February 10, 2006
Earlier this week, we told you about a feature we made available through the Sitemaps program that analyzes the robots.txt file for a site. Here are more details about that feature.
What the analysis means
The Sitemaps robots.txt tool reads the robots.txt file in the same way Googlebot does. If the tool interprets a line as a syntax error, Googlebot doesn't understand that line. If the tool shows that a URL is allowed, Googlebot interprets that URL as allowed.
This tool provides results only for Google user-agents (such as Googlebot). Other bots may not
interpret the robots.txt file in the same way. For instance, Googlebot supports an extended
definition of the standard. It understands Allow:
lines, as well as
*
and $
. So while the tool shows lines that include these extensions as
understood, remember that this applies only to Googlebot and not necessarily to other bots that
may crawl your site.
Subdirectory sites
A robots.txt file is valid only when it's located in the root of a site. So, if you are looking at
a site in your account that is located in a subdirectory (such as
https://www.example.com/mysite/
), we show you information on the robots.txt file at
the root (https://www.example.com/robots.txt
). You may not have access to this file,
but we show it to you because the robots.txt file can impact crawling of your subdirectory site
and you may want to make sure it's allowing URLs as you expect.
Testing access to directories
If you test a URL that resolves to a file (such as
https://www.example.com/myfile.html
), this tool can determine if the robots.txt file
allows or blocks that file.
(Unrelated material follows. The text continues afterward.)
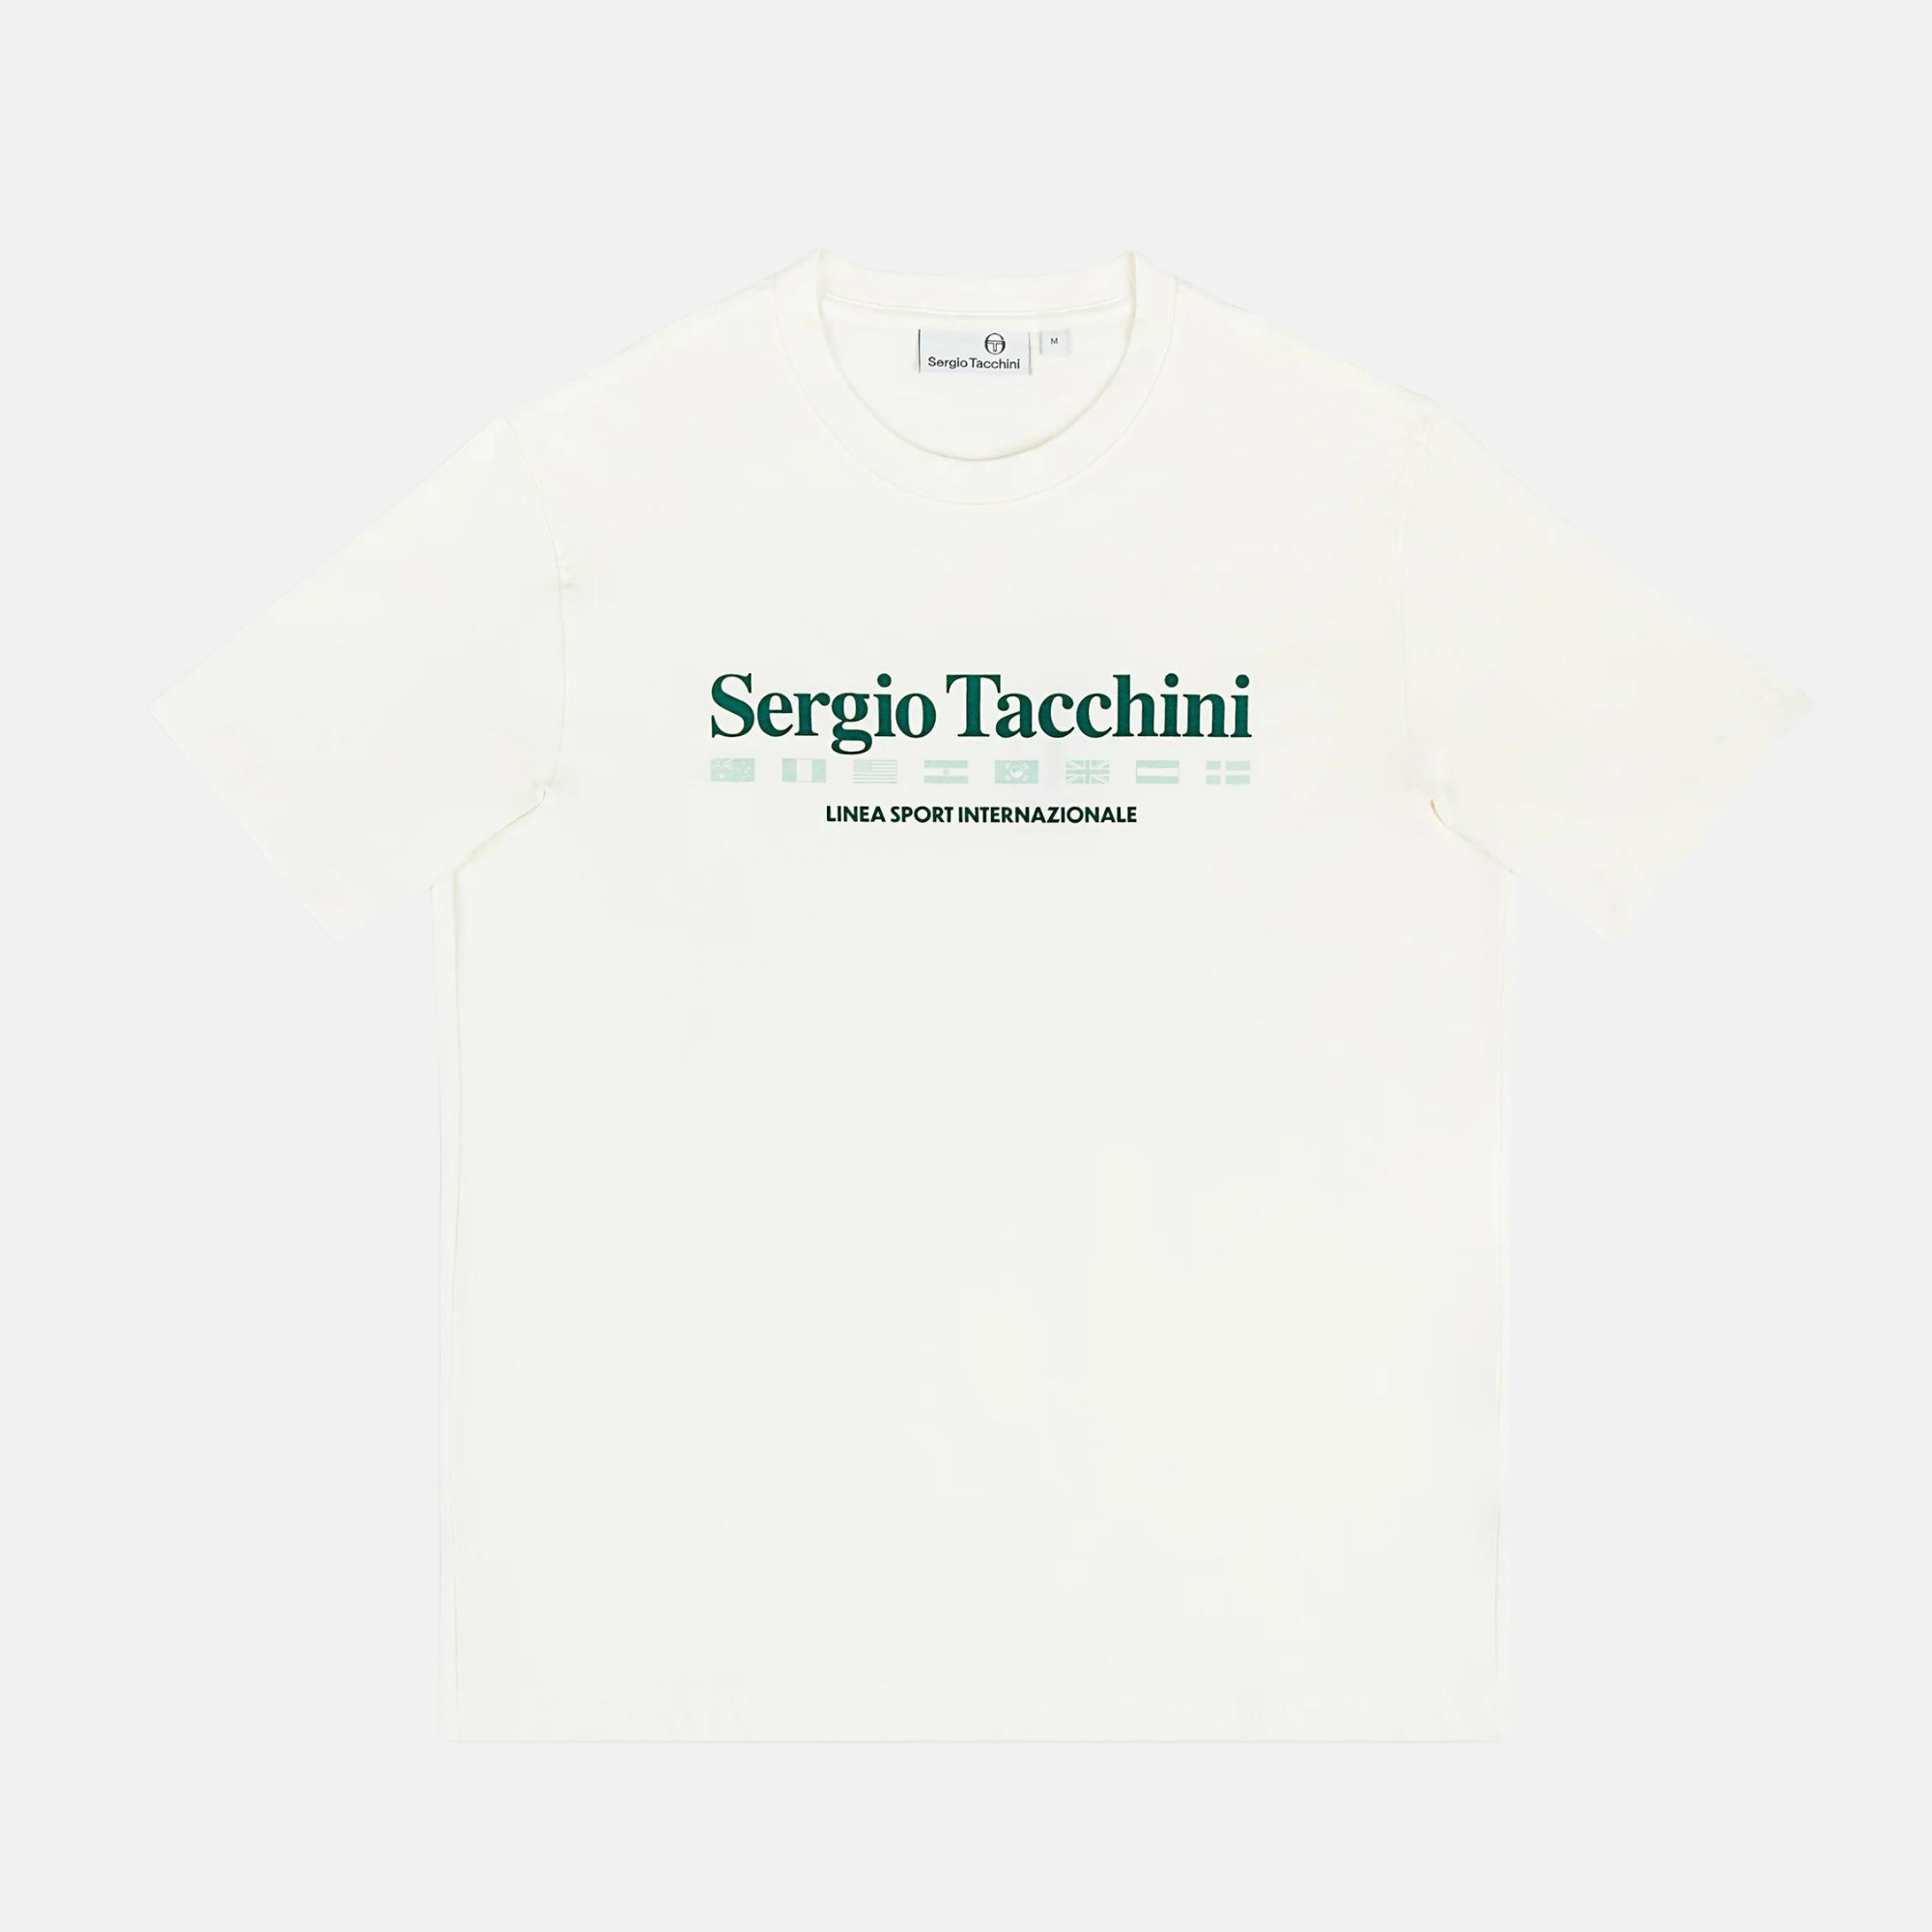 Sergio Tacchini Monda Gardenia T-Shirt
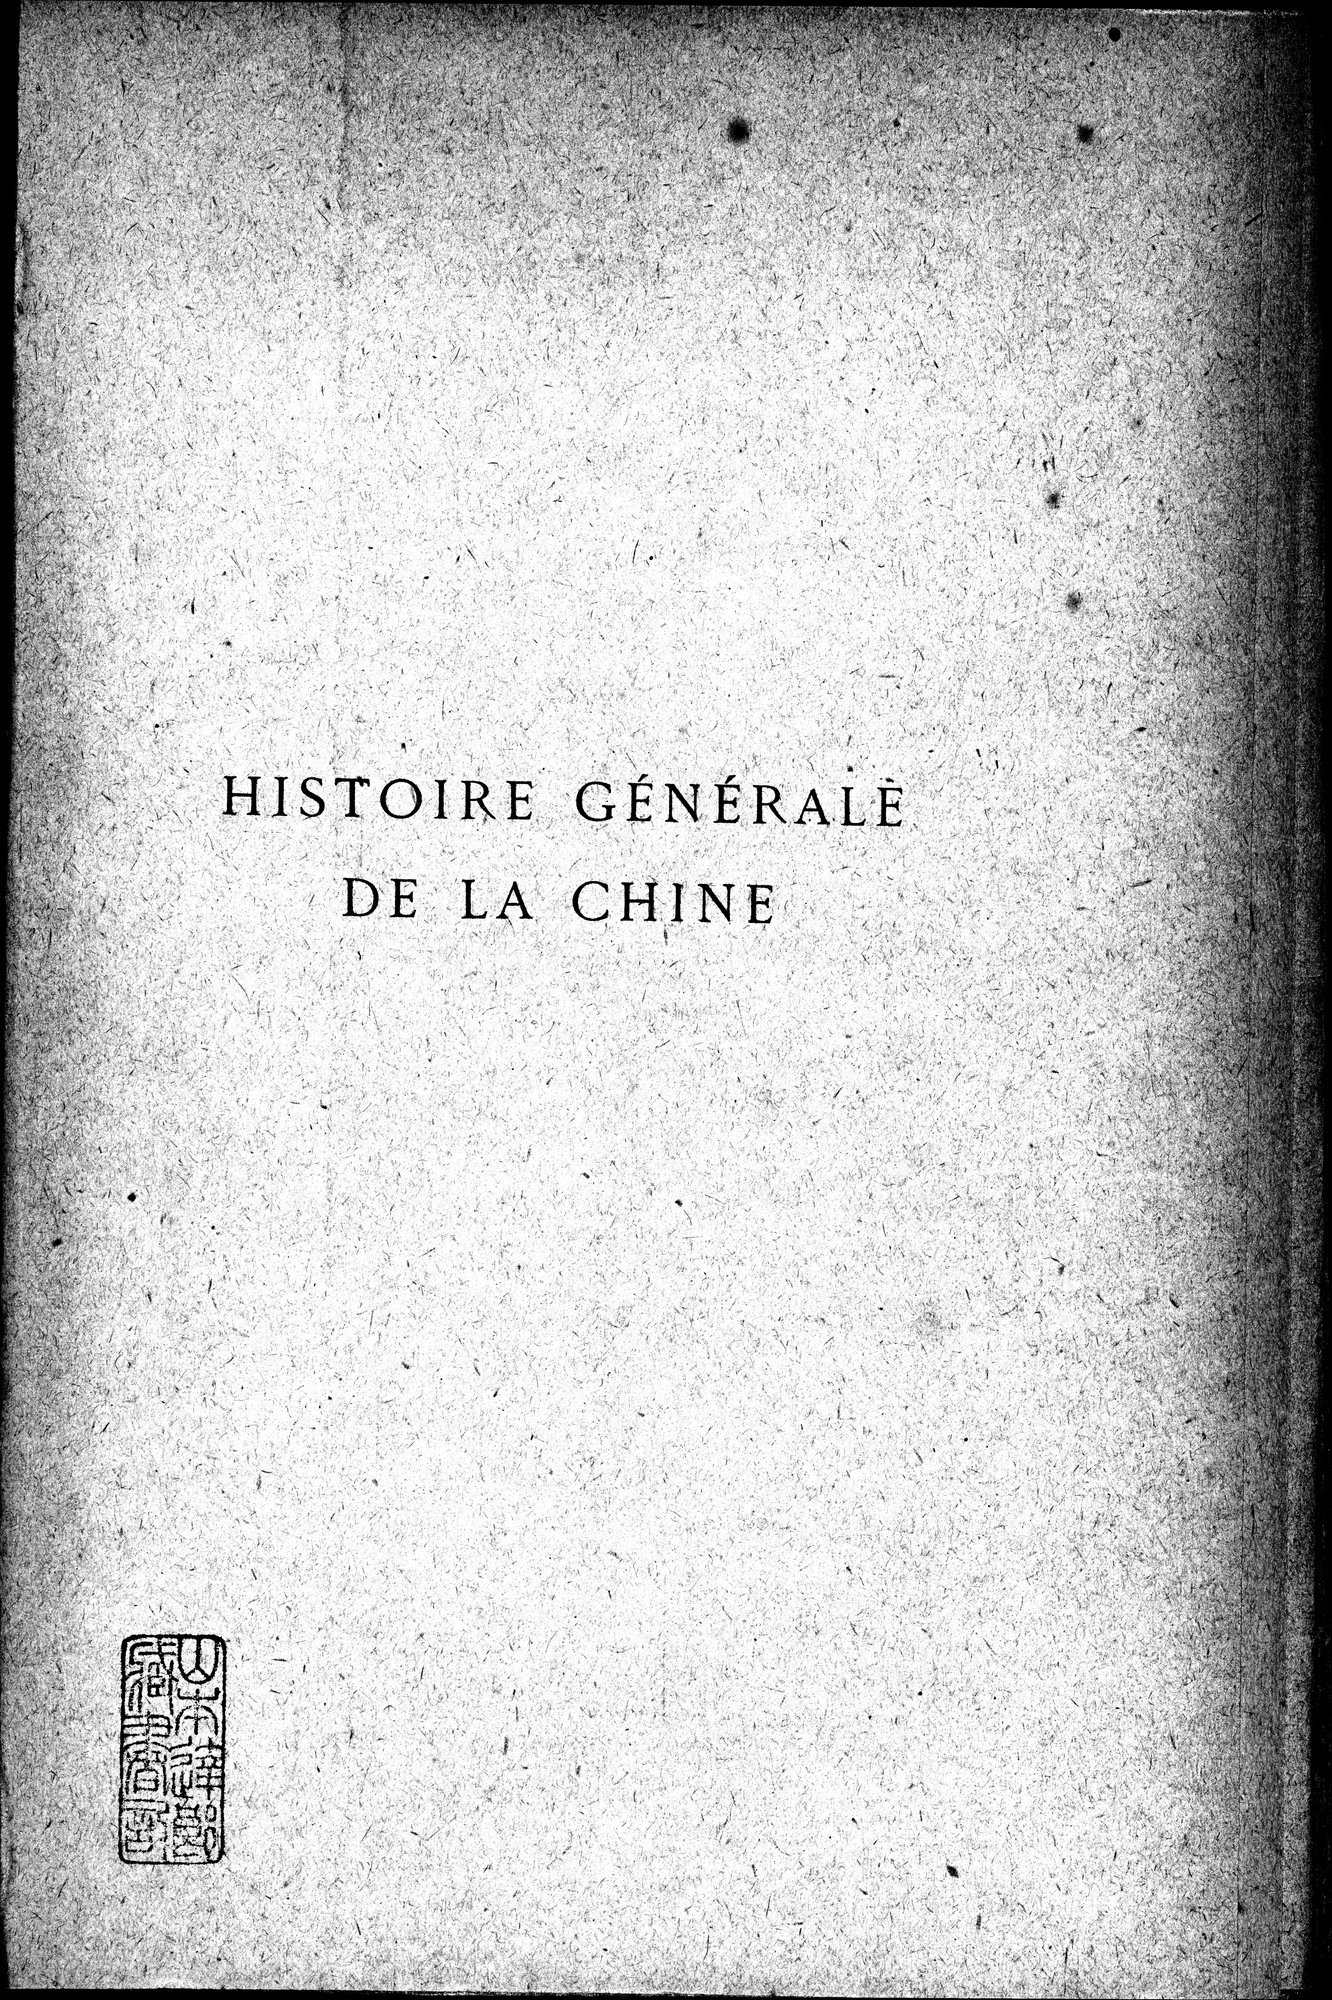 Histoire Générale de la Chine : vol.4 / Page 3 (Grayscale High Resolution Image)

If you test a URL that resolves to a directory (such as
https://www.example.com/folder1/
), this tool can determine if the robots.txt file
allows or blocks access to that URL, but it can't tell you about access to the files inside that
folder. The robots.txt file may have set restrictions on URLs inside the folder that are different
than the URL of the folder itself.
Consider this robots.txt file:
User-Agent: * Disallow: /folder1/ User-Agent: * Allow: /folder1/myfile.html
If you test https://www.example.com/folder1/
, the tool will say that it's blocked.
But if you test https://www.example.com/folder1/myfile.html
, you'll see that it's not
blocked even though it's located inside of folder1
.
Syntax not understood
You might see a "syntax not understood" error for a few different reasons. The most common one is that Googlebot couldn't parse the line. However, some other potential reasons are:
-
The site doesn't have a robots.txt file, but the server returns a status of
200
for pages that aren't found. If the server is configured this way, then when Googlebot requests the robots.txt file, the server returns a page. However, this page isn't actually a robots.txt file, so Googlebot can't process it. - The robots.txt file isn't a valid robots.txt file. If Googlebot requests a robots.txt file and receives a different type of file (for instance, an HTML file), this tool won't show a syntax error for every line in the file. Rather, it shows one error for the entire file.
- The robots.txt file containes a rule that Googlebot doesn't follow. Some user-agents obey rules other than the robots.txt standard. If Googlebot encounters one of the more common additional rules, the tool lists them syntax errors.
Known issues
We are working on a few known issues with the tool, including the way the tool processes capitalization and the analysis with Google user-agents other than Googlebot. We'll keep you posted as we get these issues resolved.